Never Grow Up®
Employee Experience

Time To Grow Up (Just Kidding!)

Time To Grow Up Just Kidding by Never Grow Up®

“Growing up is a terribly hard thing to do. It is much easier to skip it and go from one childhood to another.”

– F. Scott Fitzgerald

As you begin reading this article, sitting in front of your latest technological device in your best work clothes, take a moment to look at your hands. Yes, your hands.

There was a time when those hands would unthinkingly pull on grass when your parents set you down in the park. A time when those hands would happily hold action figures and dolls in them as you made up stories and dialogues, believing in every single bit of it. A time when you’d get scolded for having mud all over those hands when you came home after hours of unrestrained fun. Think back to those innocent days when if in the middle of your games, a kid happened to walk in looking for a playmate, you’d be more than happy to hold her hand and run around giggling together.

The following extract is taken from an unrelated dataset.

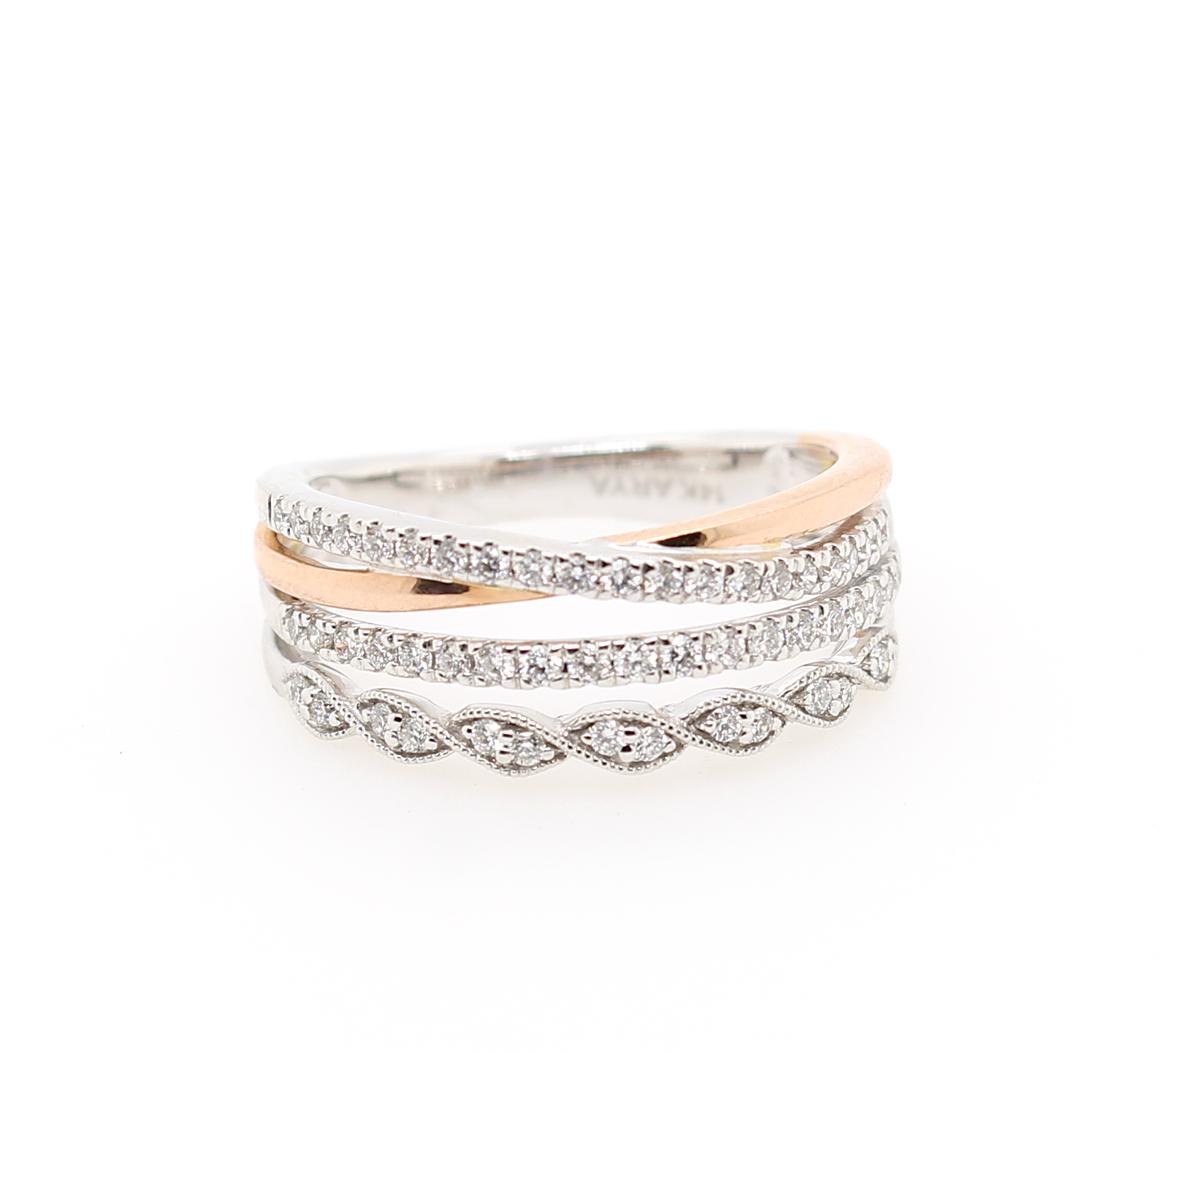 14 Karat Two Tone Four Row Diamond Ring

Today, you seek to train yourself on how to deliver the ‘perfect’ handshake with the right amount of firmness and duration, lest you make a bad impression.

Today, you might feel ‘uncomfortable’ including someone in your personal projects, paralyzingly embarrassed if you falter during a meeting or presentation or frustrated if your resumé isn’t as extensive and fleshed out as your colleague’s.

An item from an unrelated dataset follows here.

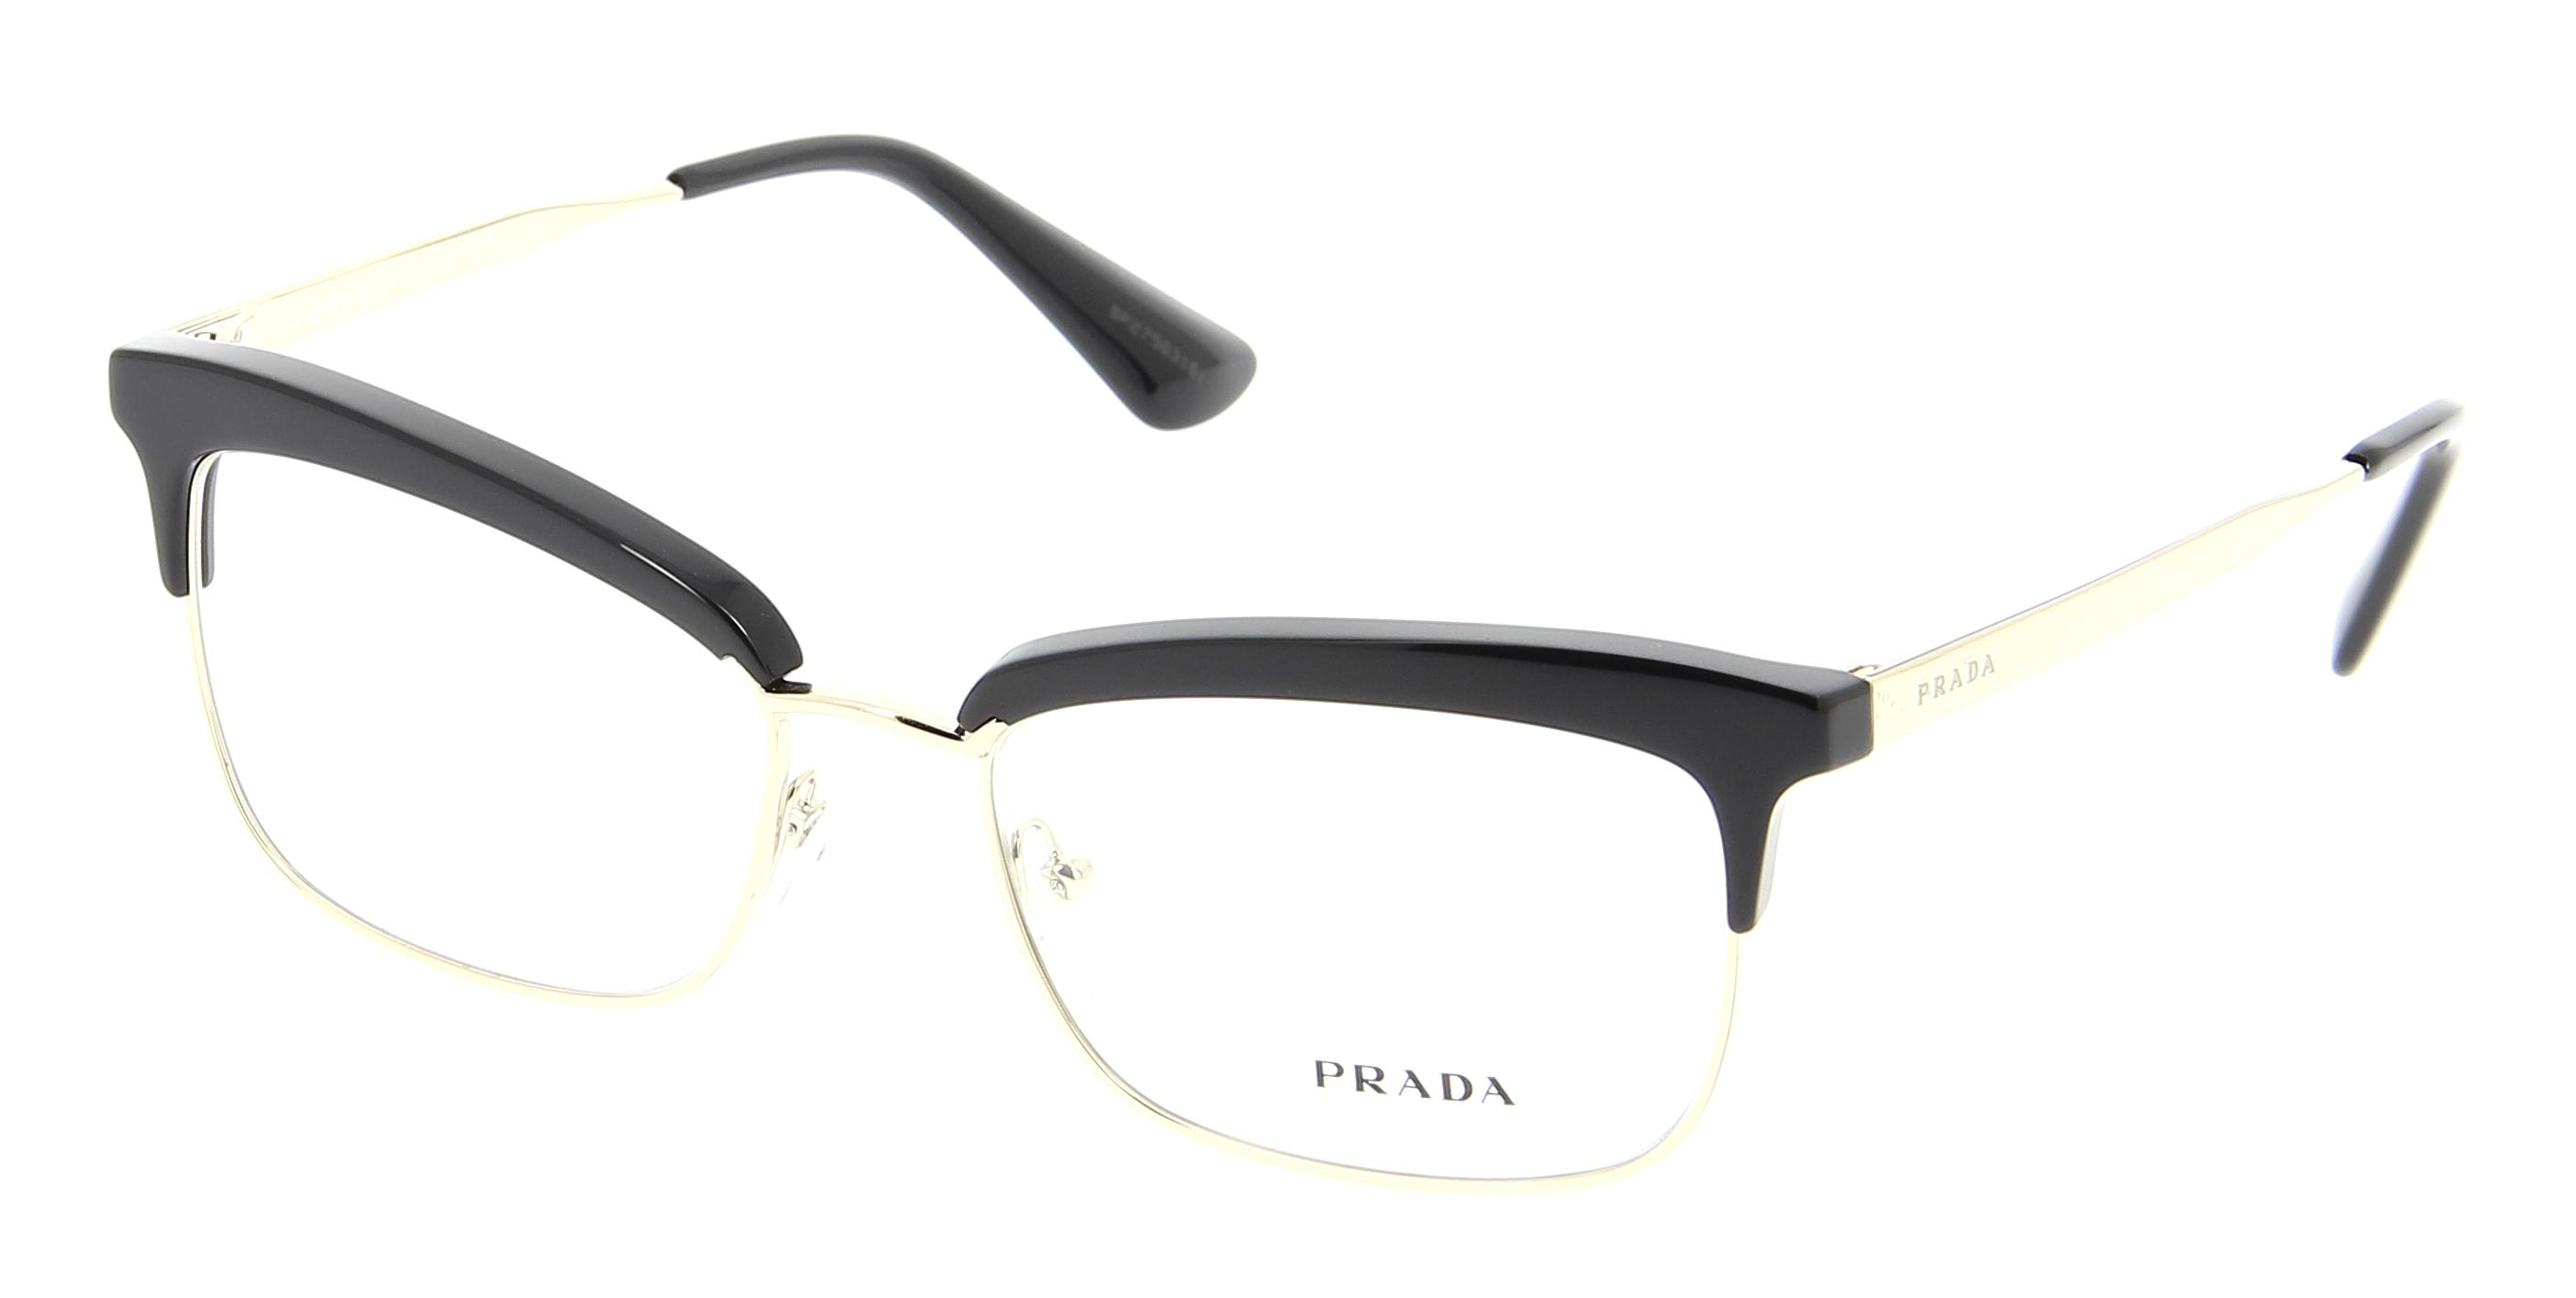 lunettes de vue homme prada. Black Bedroom Furniture Sets. Home Design Ideas

So how did we get here? If being a child was such a liberating experience, why did we ever give up on it and decide to “grow up”?

Well, the most obvious response to this apparently ridiculous query is to say “Well, because I had to grow up”. You had to. With parents regularly reminding you to start acting your age, relatives comparing your life achievements to the ideal ‘adult milestones’ of your cousins and peers and the society in general just nudging, pushing, literally shoving you down the path to adulthood with a heavy rule book of do’s and don’t’s. To have to grow up is never easy, and when you’re looking for a way, blindly reaching out in the dark, you’d rather follow directions. But don’t we all wish to never grow up at all?

There’s nothing wrong with growing up, really. How else would we land the perfect job and evolve into smarter, wiser people? But smarter, wiser people with perfect jobs aren’t always necessarily happier. The reason looking back at our delightful childhood days invokes the kind of nostalgia it does is because it reminds us of a time when we were truly, unabashedly, unconditionally happy. It was a time when we were the best versions of ourselves, a time when we wanted to grow up but had not.

Today, we spend hours poring over self-help books, watching life-coach videos and just overall learning how to grow up while trying to be a better employer and employee when all we truly need to do is reconnect with and listen to that little buddy – the child within us. So why can’t you develop good working habits that lets you have fun at work while getting the task done?

Growing up doesn’t need to be about not laughing out loud at the silliest things anymore, or strictly conforming to the ‘role’ the world assigned to you on the basis of your education and experience. A child would laugh at you if you told him he couldn’t, in fact, be an astronaut-cowboy. So go ahead, laugh at the world as they list out all the reasons you wouldn’t be able to get that job done or accomplish that project you have given your heart and soul working for. People plan to do ‘impossible’ things all the time. Then they get them done. It is the persistence reminiscent of a determined child too short to climb atop a trampoline that gets them through anything.

The child in you had the skills to be friends with anyone, start a conversation with anyone and see the good in everyone. It wasn’t as much a skill, really, as it was the complete absence of instant, biased judgment. Yes, the years have shown you all sorts of characters but life has also given you the experience to be able to peek into the other side of the wall. Amalgamate the thrill of childhood naivete and the compassion of adult understanding to see colleagues, employers, clients in a different light – as people struggling, much like yourself, to survive in a ‘grown up’ world. Crack a smile, share a good joke or go along with a bad one. The world is too serious a thing to not be laughed at.

Yes, you did grow up but don’t be afraid of mistakes along the way. As a child, a fall off your bike, a misplaced letter in the alphabet or a crayon masterpiece on your bedroom wall didn’t mean the end of the world. It was just your young, curious mind “learning”. Why should it be any different now? Bring new methods and approaches to your work, and they’ll either fail spectacularly or succeed gloriously. Either way, you’d have “learnt” something for the day. Sure, the stakes are higher than just grazing your knee on the sidewalk, but that’s where the wisdom developed through your years of ‘having to grow up’ comes in. Use your years of worldly knowledge to your advantage and allow it to build on your passion for life instead of chipping away at your enthusiasm by drawing imaginary boundaries of conformation. Although you have had to grow up, temper your wild, child-like dreams with wisdom and voila, nothing is impossible.

The child in you is patiently waiting for a chance to revel in the joys of life. Just the way you watched and waited for the ice-cream guy to gently place the scoops on the crunchy cone. You know you and that child can take on anything together. It’s time.